Tuttavia, sarà solo grazie all'ingresso in formazione del vulcanico violinista statunitense Donald Lax ed al lusinghiero successo ottenuto al Festival Pop di Villa Pamphili del 1972, che il sestetto potrà registrare il suo primo disco per l'etichetta "Help", la sussidiaria della RCA che stava producendo contemporaneamente anche i Procession.

Donald Lax era stato allievo di Alphonse Ghedin, aveva compiuto studi classici a Parigi e a Roma e si inserì nel gruppo importandovi non solo tutto il suo background classico influenzato da Brahms, Corelli, Vivaldi e Bach, ma infondendovi una sferzata d'entusiasmo tale, da ribaltare il timido sound degli esordi in Progressive vero e proprio.Di fatto, il primo album omonimo della band romana fu veramente sintomatico di quel genere e considerato l'anno di uscita, poteva definirsi quantomeno pionieristico: grande affiatamento strumentale, sound robusto e variegato, forte impatto timbrico buona resa acustica e ottimo livello compositivo fanno di questo disco uno dei più solidi e apprezzabili dischi Underground del 1972.

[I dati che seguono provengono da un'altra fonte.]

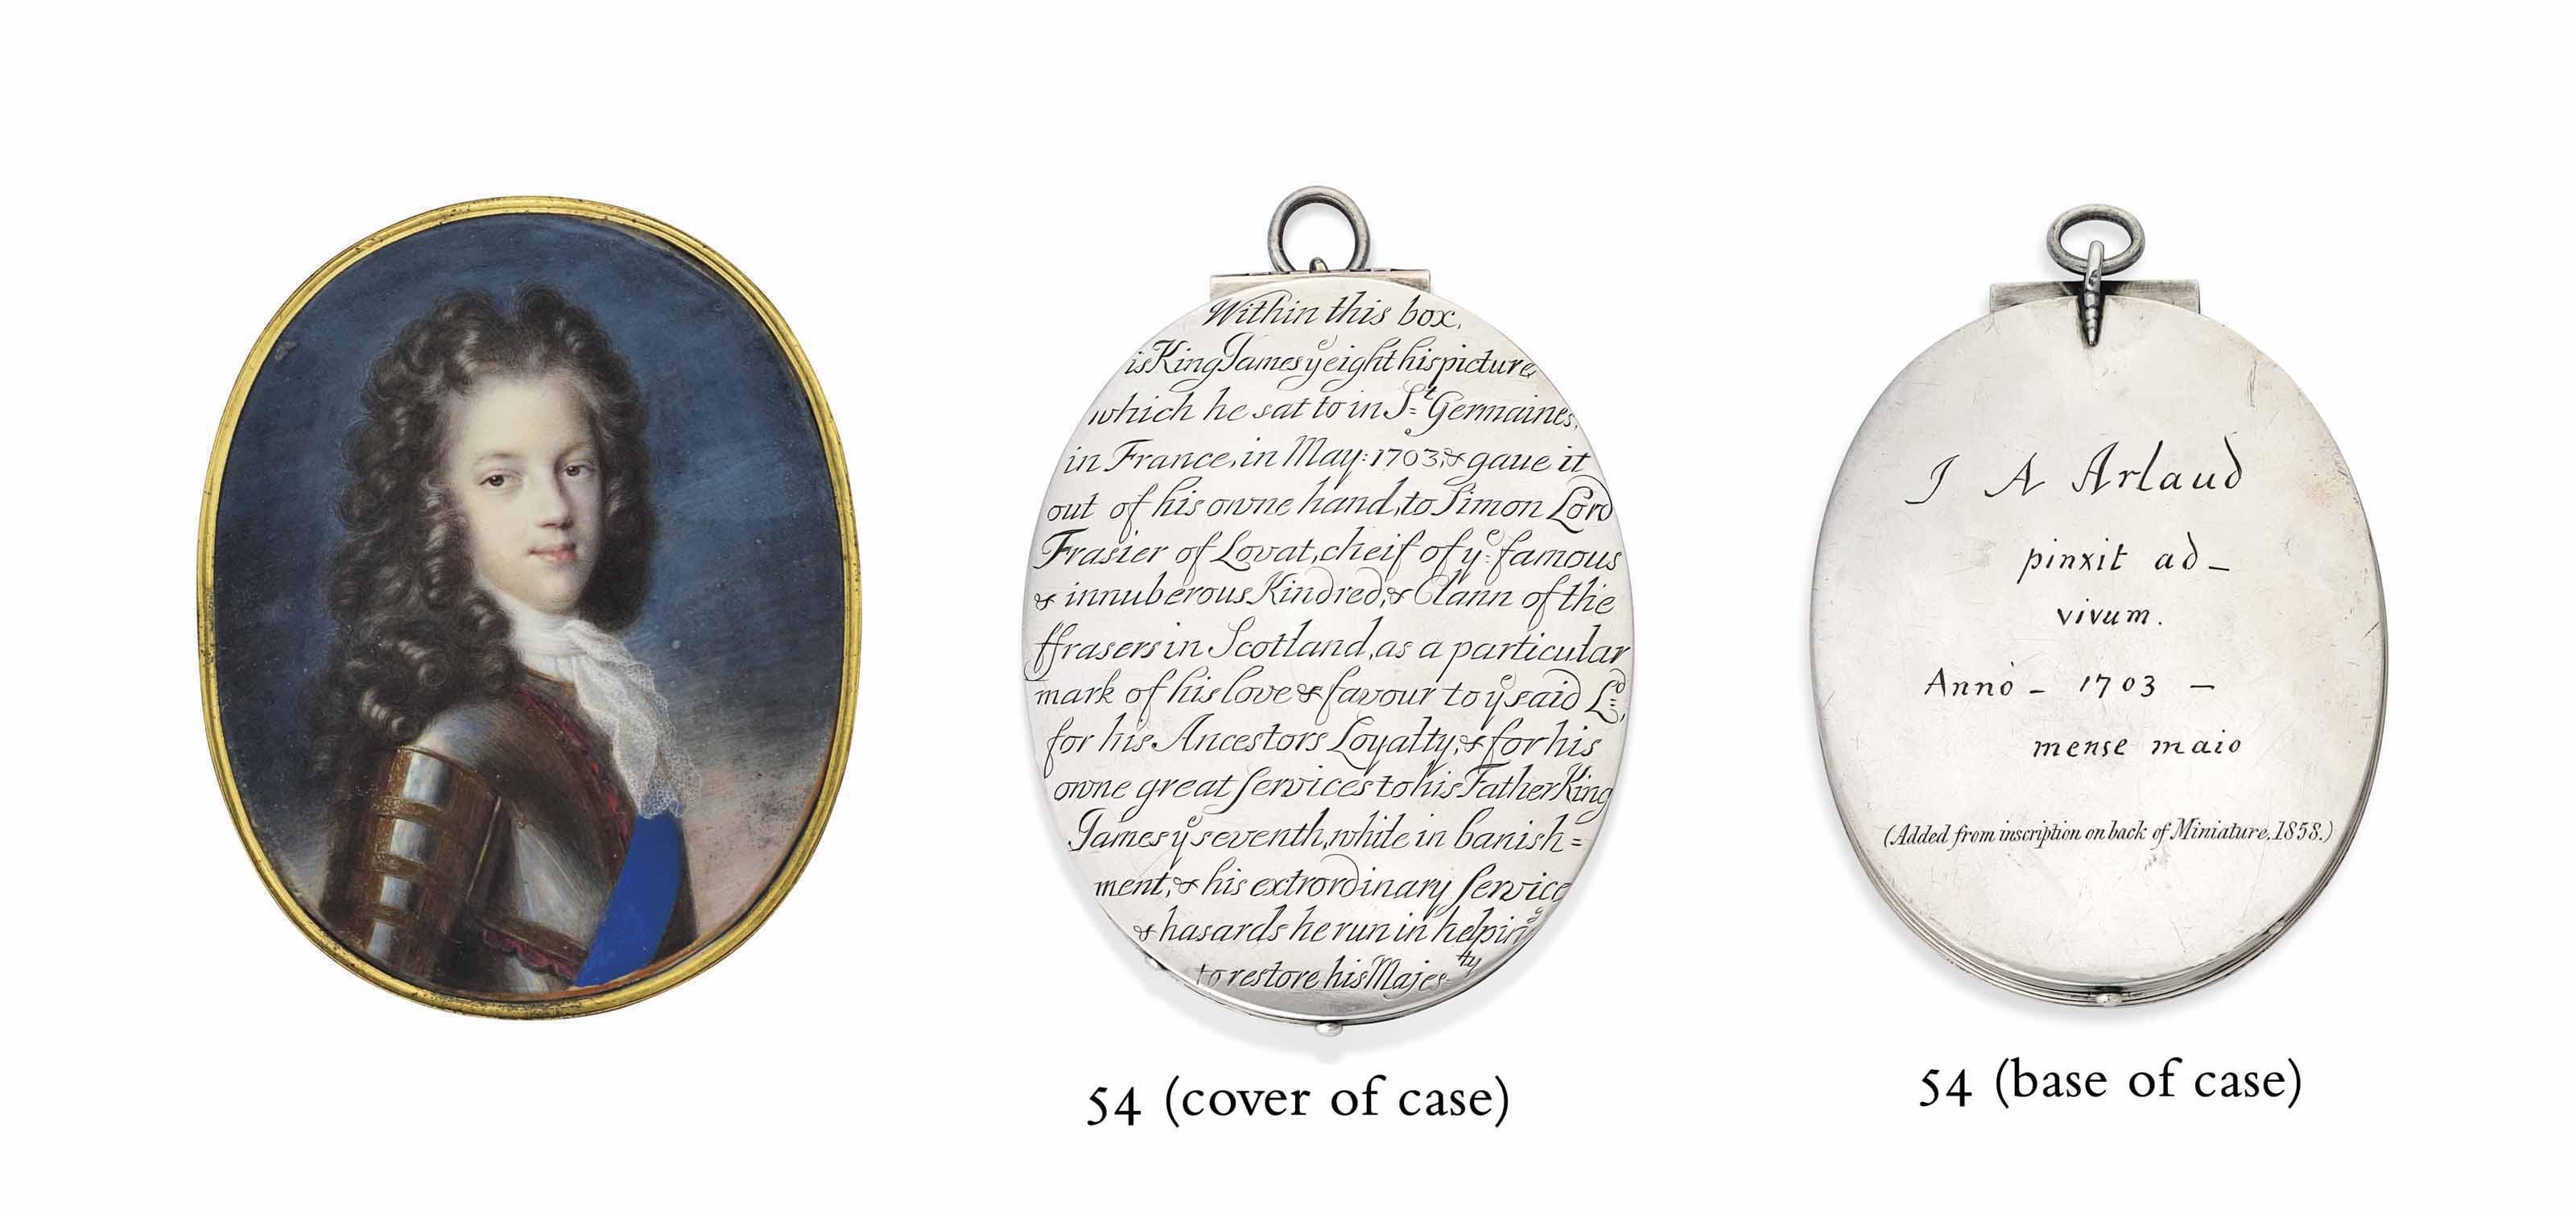 JACQUES ANTOINE ARLAUD (SWISS, 1668-1746)

quella vecchia locanda labelLa sua atmosfera è prevalentemente un Hard prog dominato sì da grandi sferzate elettriche, ma stemperato da costanti breaks classici e poliritmici affidati al piano e al violino, che conferiscono all'opera un sound del tutto originale.
Stupiscono inoltre, non solo la grande fantasia timbrica e strumentale, ma anche il sorprendente equilibrio della scaletta che alterna in armonia atmosfere del tutto contrastanti.

Se per esempio, i primi due pezzi ("Prologo", "Un villaggio, un illusione") sono Pop Italiano allo stato puro con tanto di introduzione classica a base e di flauto, violino e chitarre distorte, il terzo brano ("Realtà"), ci riporta agli anni '60 attraverso modulazioni di reale malinconia e bellezza.

C'è anche posto per le citazioni psichedeliche in "Immagini Sfocate", mentre "Il cieco" restituisce un variegato tessuto strumentale di stampo rock-fusion degno dei migliori Delirium, ma ancora più acido ed evocativo.
Encomiabili in questo senso i raddoppi sul flauto che vanno a sfociare in un riff hard di grande incisività e, sulla stessa falsariga, la granitica "Dialogo" evidenzia più di tutte la potenza della sezione ritmica che lavora incessantemente dietro un lungo assolo di Synth.


Quasi al termine, "Verso la locanda" ci accompagna invece in modo esotico verso il finale, riassumendo in cinque minuti tutto il meglio dell'album.

Chiudono il disco le evocative ambientazioni di "Sogno, Risveglio e… ", giusto tocco finale "cinematografico" ad un album dai mille risvolti e dalle mille tensioni.

Lavoro eccellente e "Progressivo" fino al midollo, "Quella vecchia Locanda" lascia piacevolmente sorpresi per la sua varietà timbrica e per la sua rincorsa senza appello alla complessità compositiva.

Ci sono sì delle occasionali citazioni alla PFM o al Prog inglese più canonico (es. in "Verso la locanda"), ma sufficientemente personalizzate per calarsi nel contesto timbrico senza sollevare sospetti.
Lascia perplessi la magrezza della voce (che sarà sempre un neo del gruppo), ma di fronte a tanta carne al fuoco si può tranquillamente soprassedere da ulteriori osservazioni.

Pur relegato ad una ristretta cerchia di appassionati, "Quella vecchia locanda" otterrà vendite incoraggianti e un buon riscontro di critica: una serie positiva di eventi spezzata però dal collasso finanziario della "Help", che getterà il gruppo in una profonda crisi col conseguente abbandono di Lax e del bassista Colletta.
Fortunatamente, i QVL si ricomporranno in fretta, recuperando organicità e temperanza (ma forse anche troppa) nel successivo album "Il tempo della gioia".